### ASSIGNMENT:
Would you reproduce the data below exactly, please, leaving out its images?

### SUPPLIED INFORMATION:
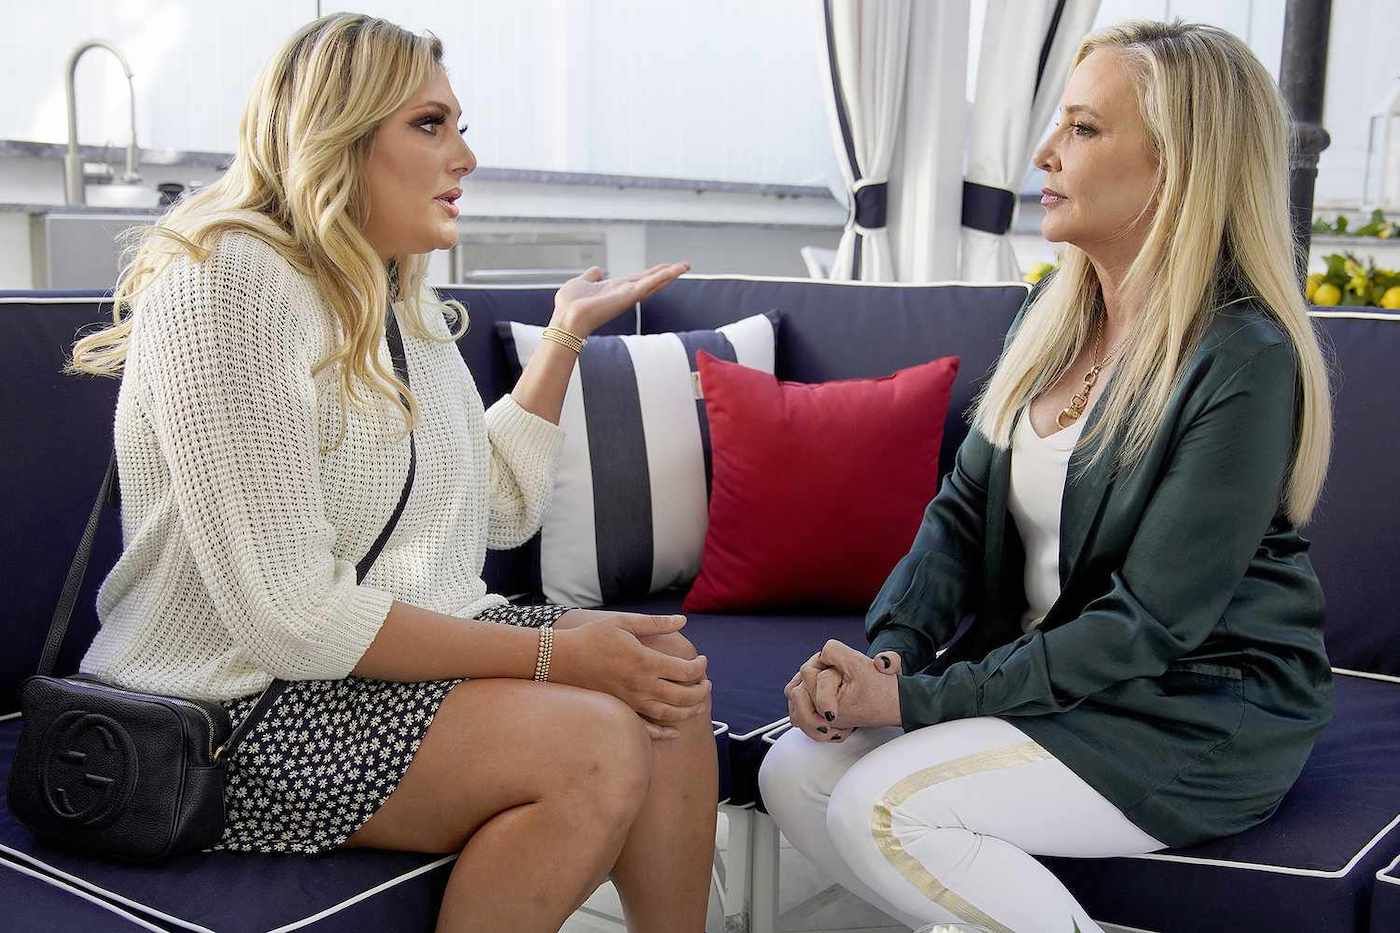 Drama Unleashed: Tensions Boil Over in ‘Real Housewives of Orange County’ Reunion – Will Gina Kirschenheiter Exit?
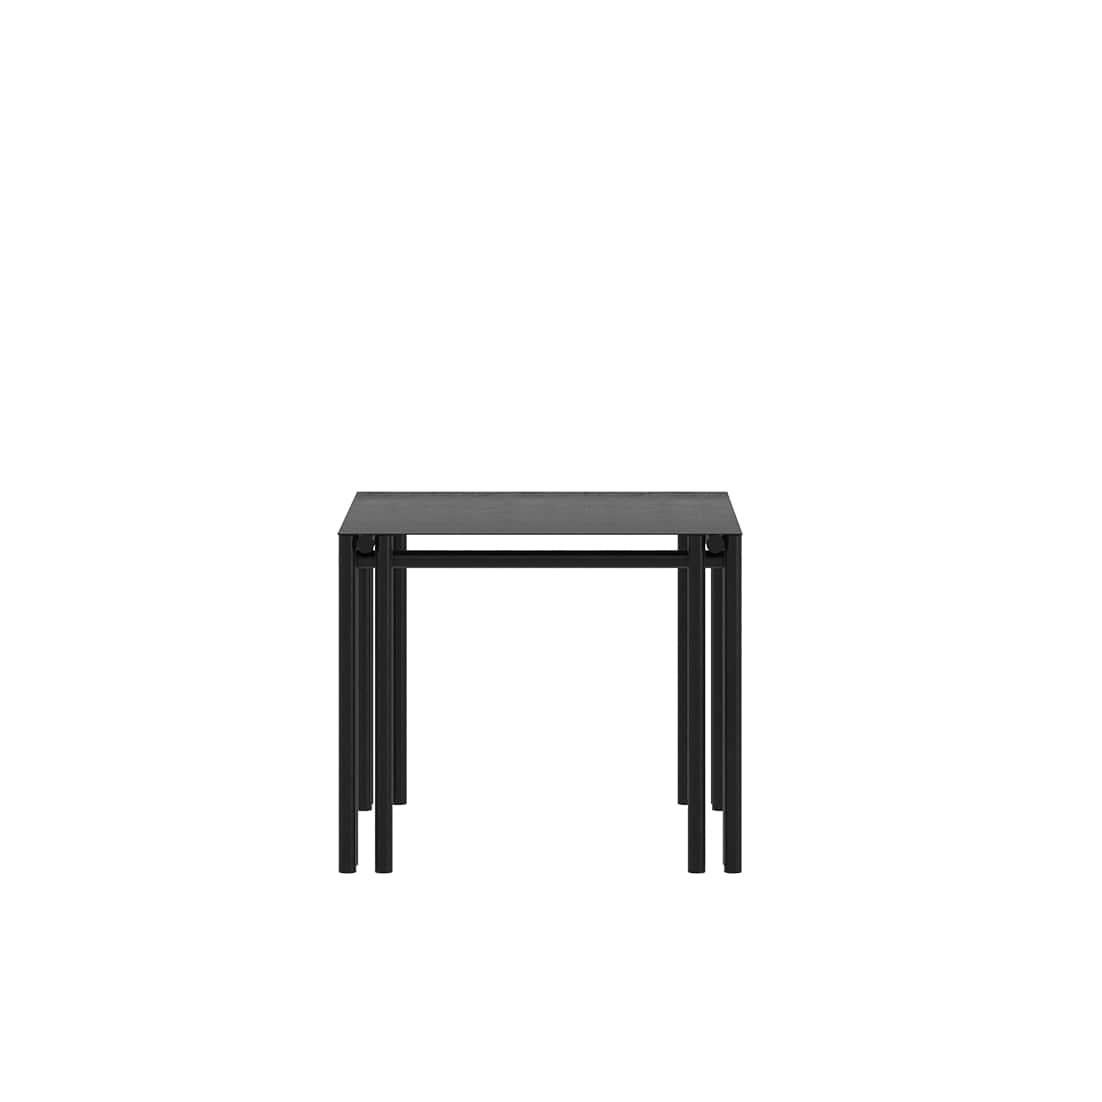 Mexican White Dolmen Square Dining Table For Sale
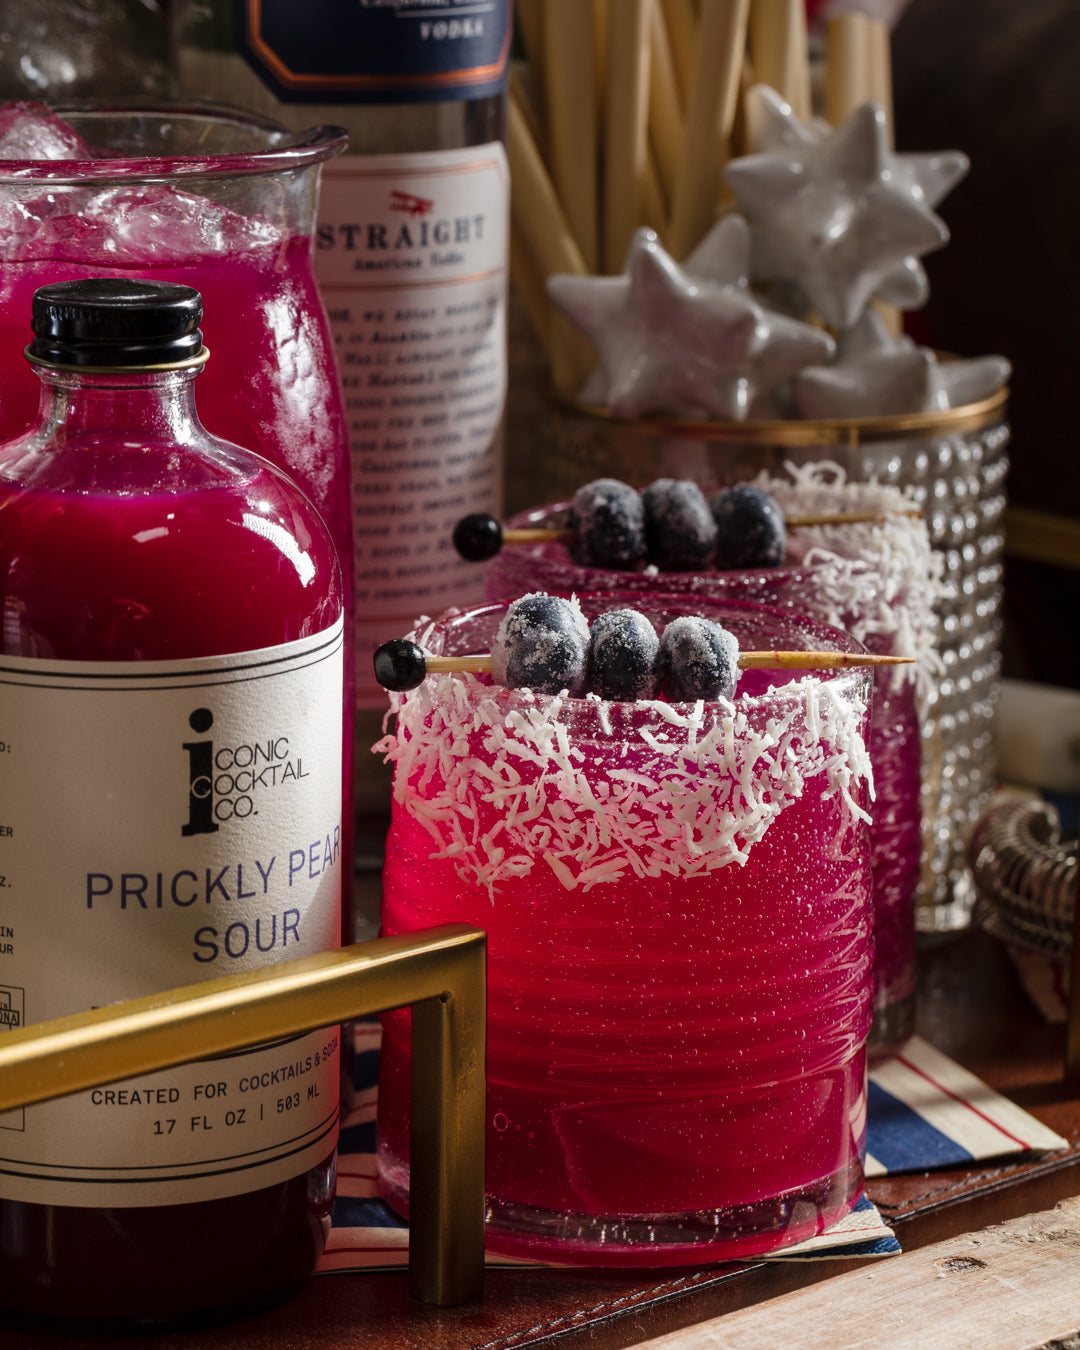 Celebrate Independence Day with the "Born to Sparkle" Cocktail

### ANSWER:
 Drama Unleashed: Tensions Boil Over in ‘Real Housewives of Orange County’ Reunion – Will Gina Kirschenheiter Exit?
 Mexican White Dolmen Square Dining Table For Sale
 Celebrate Independence Day with the "Born to Sparkle" Cocktail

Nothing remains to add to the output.